I've gotten my own hair caught in the dremel too, and (luckily) the dremel stops. It doesn't keep winding like an egg beater. It didn't hurt but sure freaked me out for 1/2 second! I still use clippers (mostly on customers dogs that don't get their nails done once a week). The dremel head can get hot if used on several dogs in a row, so this is something else to keep in mind. 
I teach my little dogs to lie in my lap, on their backs, to get their nails done. The big guy (german shepherd) was taught to lie on his side, but seems happier to stand up. I do one foot at a time, with the paw pointing back (think how a farrier would shoe a horse). For some reason, if the shepherd SEES his nails being done (if I hold the foot straight out), he gets antsy. If he can't see it, it's all good 
One of the most common mistakes I see with nail trimming (no matter what tool) is holding the dogs' foot at an un-natural and uncomfortable angle. I don't pull the foot out and towards me, or back and towards me. Most dogs who "hate" having their nails done only hate having their leg pulled around at an uncomfortable angle, and corgi's (and doxies, for that matter) come to mind with their short legs. A lot of dogs too fight "restraint" (having someone pin them down) or having their foot in a death grip (to hold it still) more than they fight the actual procedure.
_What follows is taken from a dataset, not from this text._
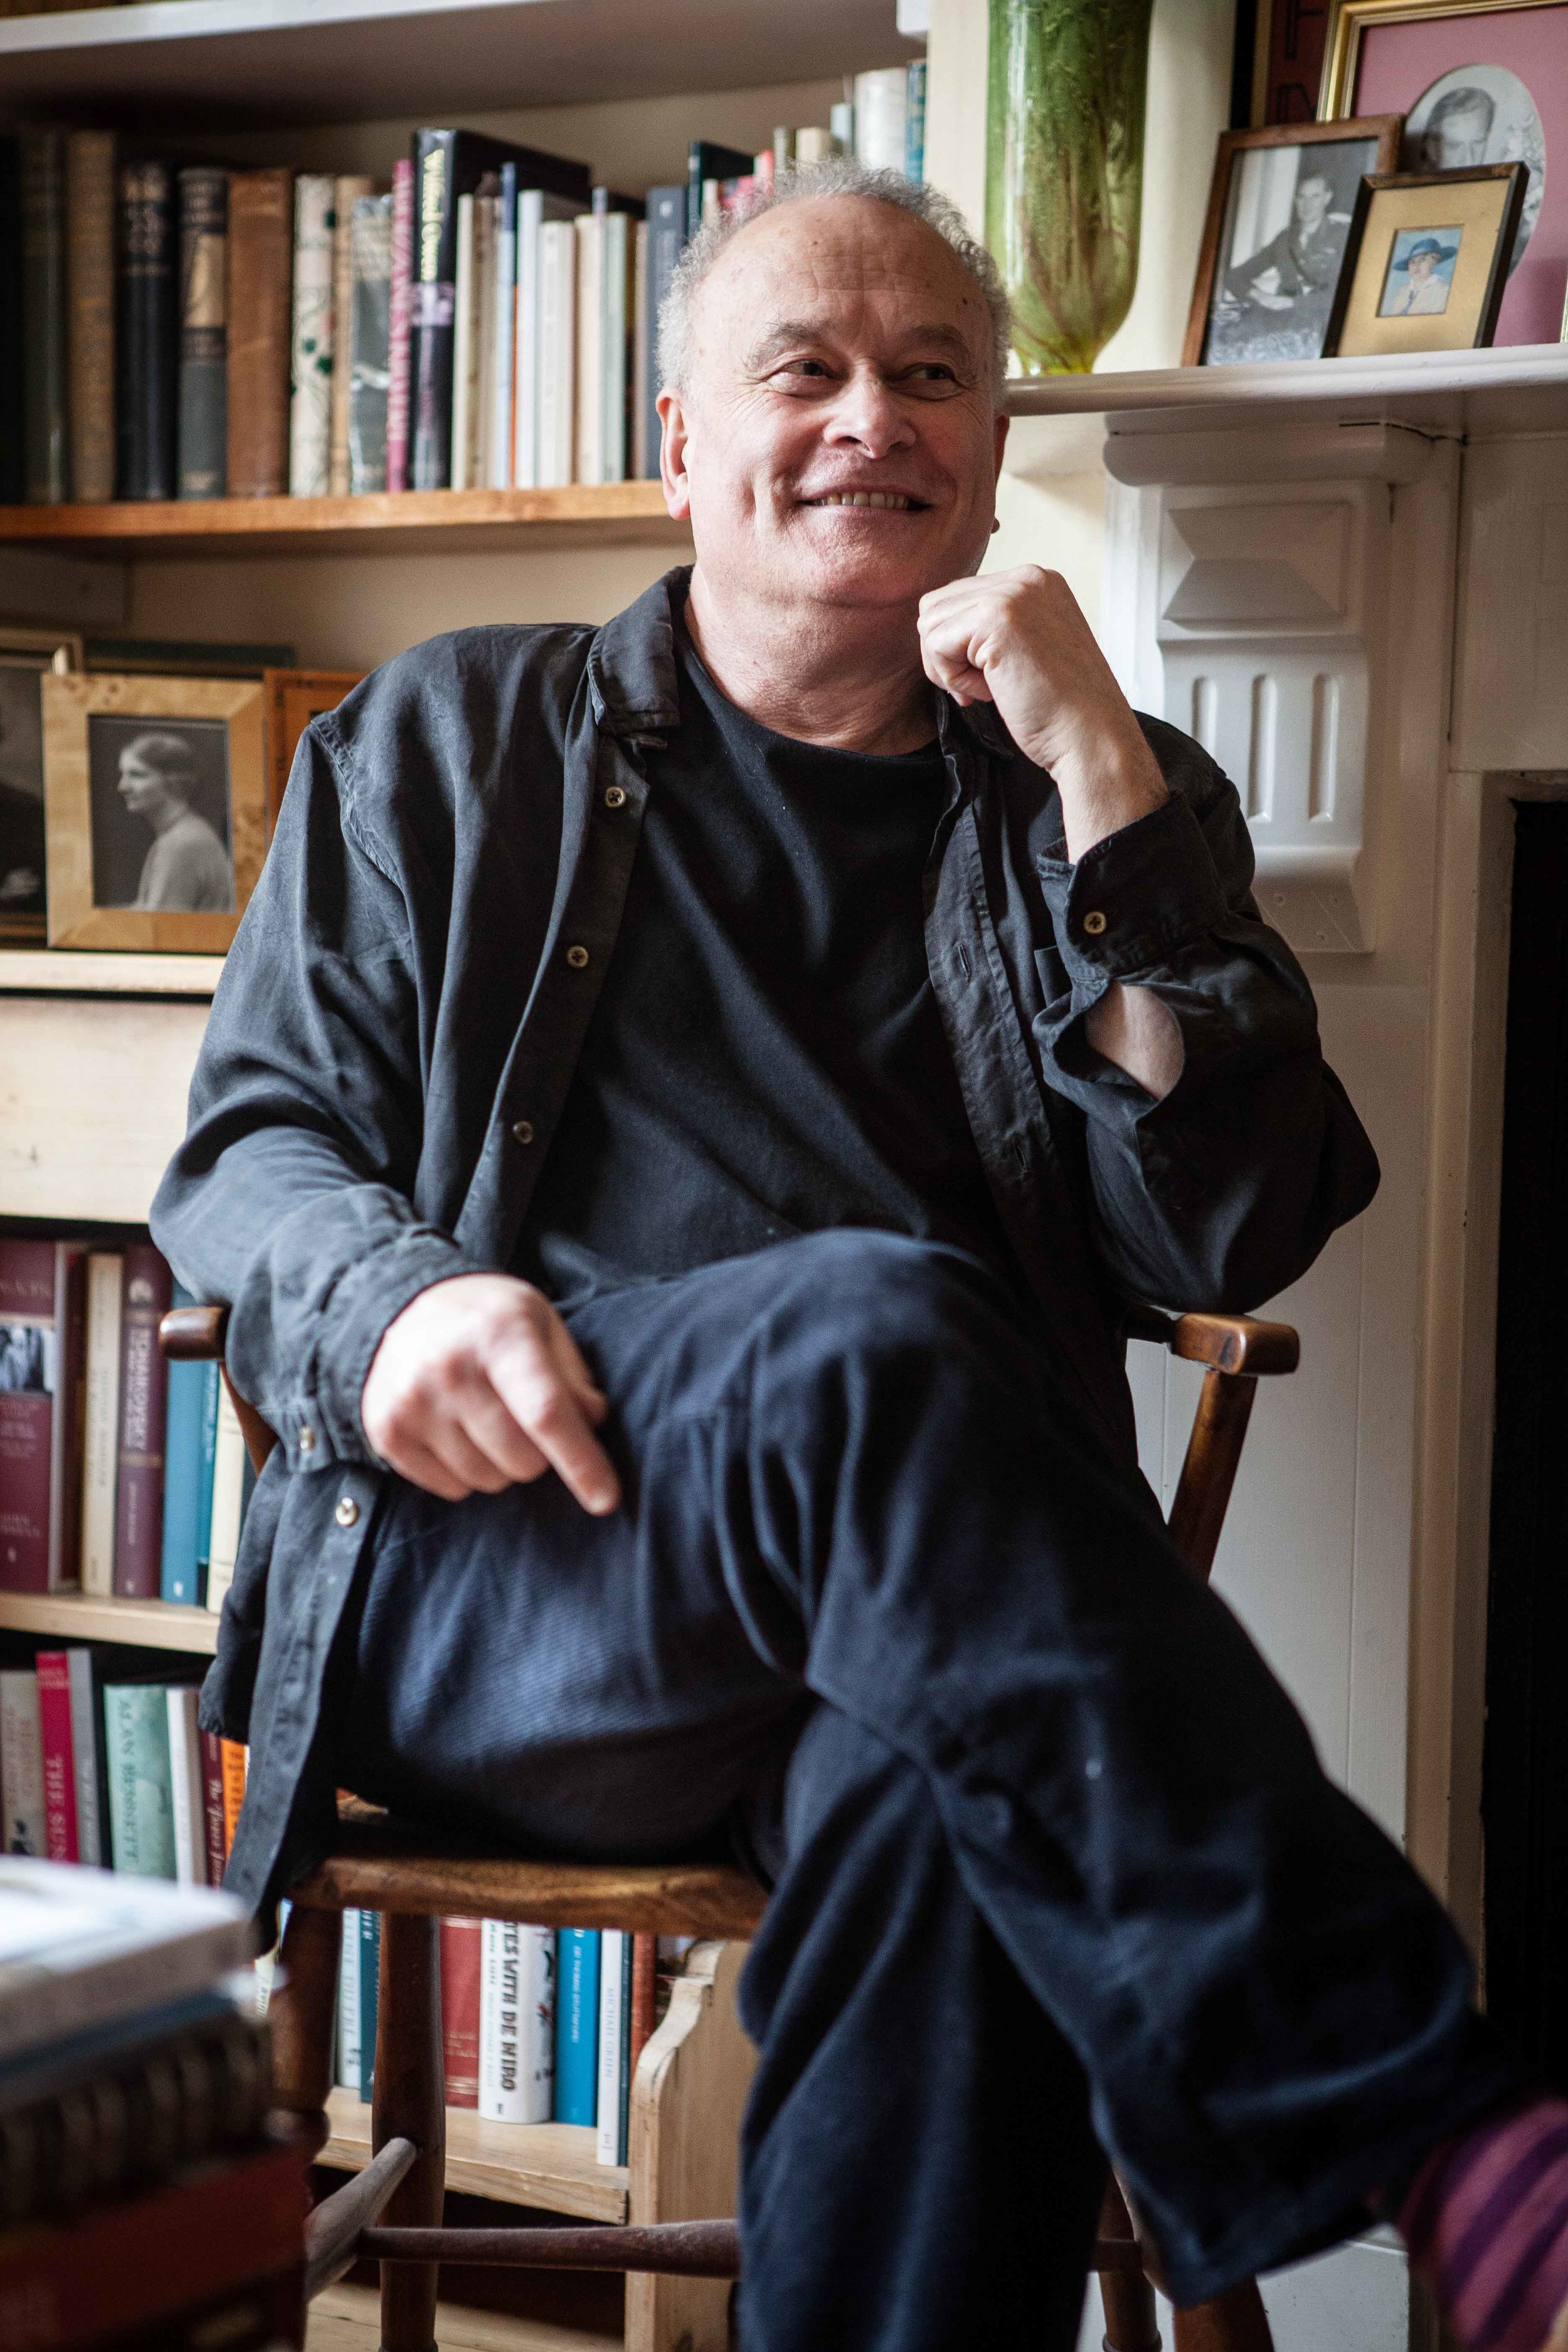 Colin Matthews OBE at home by Fiona Garden 2014

Someone I know personally is amazed at how good my dogs are for their nails being dremeled, and say their dogs don't behave nearly that well. Their first puppy nail trim was one of the owners holding the puppies paw with a death grip and their spouse pinning them down by their neck  No wonder the (now adult) dog heads for the hills whenever the dremel comes out. I welcome my grooming (customers) dogs to stand, sit, or lie down during nail trimming. A comfortable dog is an easy dog to work with! Occasionally a few dogs just can't handle the dremel, and a helper comes in handy, to either help hold the dog (not manhandle!) or to offer the dog "moral support" (this may sound stupid, but it has come in very handy many times in our salon. Sometimes all they need is an extra person there reassuring good behavior!)
Doberdawns site is excellent. I printed her dremel page out and keep it in my grooming notes. I am the only groomer who dremels nails at our salon, because everyone says I do the best job  I credit doberdawns website for that!


----------



## StephanieT (Apr 25, 2010)

Thanks so much for the welcome. The hair getting caught was indeed very scary. I was using a corded model dremel and I don't really know if it would have stopped or not, as I went into panic mode and jerked the cord out of the wall before it had the chance lol. Good to point out that the dremel gets hot. I never hold it on a nail for more than a second. I've never had it get too hot that way (5 dogs in a row) using the 1/2" mandrel, but be careful with the 1/4" because it gets hot quicker. My dogs are also trained to just lay there and let me do it, but for their comfort and my peace of mind, I have a certain way that I hold/restrain them just to make sure any sudden movements won't cause an accident. It's hard to explain, but I sit on the floor with my back against the wall and my feet on the floor which puts my knees in the air. I lift my legs and have the dog lay on its side with its back against me. I then lay my knees down. Each of my shins are between the dog's front and rear legs. One knee lays on the tail (not purposely thats just how it works) and the other lays on the dog's neck. I do not put pressure on the neck, I just block the head from getting in my way. I hope this makes sense. It works wonderfully on my calm dogs, and when I do my neighbor's (who is insane lol) it works to hold him down if thats what it comes to. My husband also gives the dogs treats and pets their heads while it is being done. I agree with the dogs hating their legs being pulled and such, and I find that none of that is necessary with the way I have them lay. When I finish one side I just have the dog get up and lay back down with its head facing the other direction. Although my Rottie is just too big to fit underneath me like that without smashing me, and he doesn't like to be still when he lays down, so I do his while he stands as well. But he is my only exception because of his size. Like I said before I am not a groomer and don't own any equipment or a table, so this is just how I do it at home. And I agree one hundred percent with using doberdawn as a reference. Without her site I would have never gotten up the courage to start dremeling on my own. I am so glad that there are people here to help everyone now lol.


----------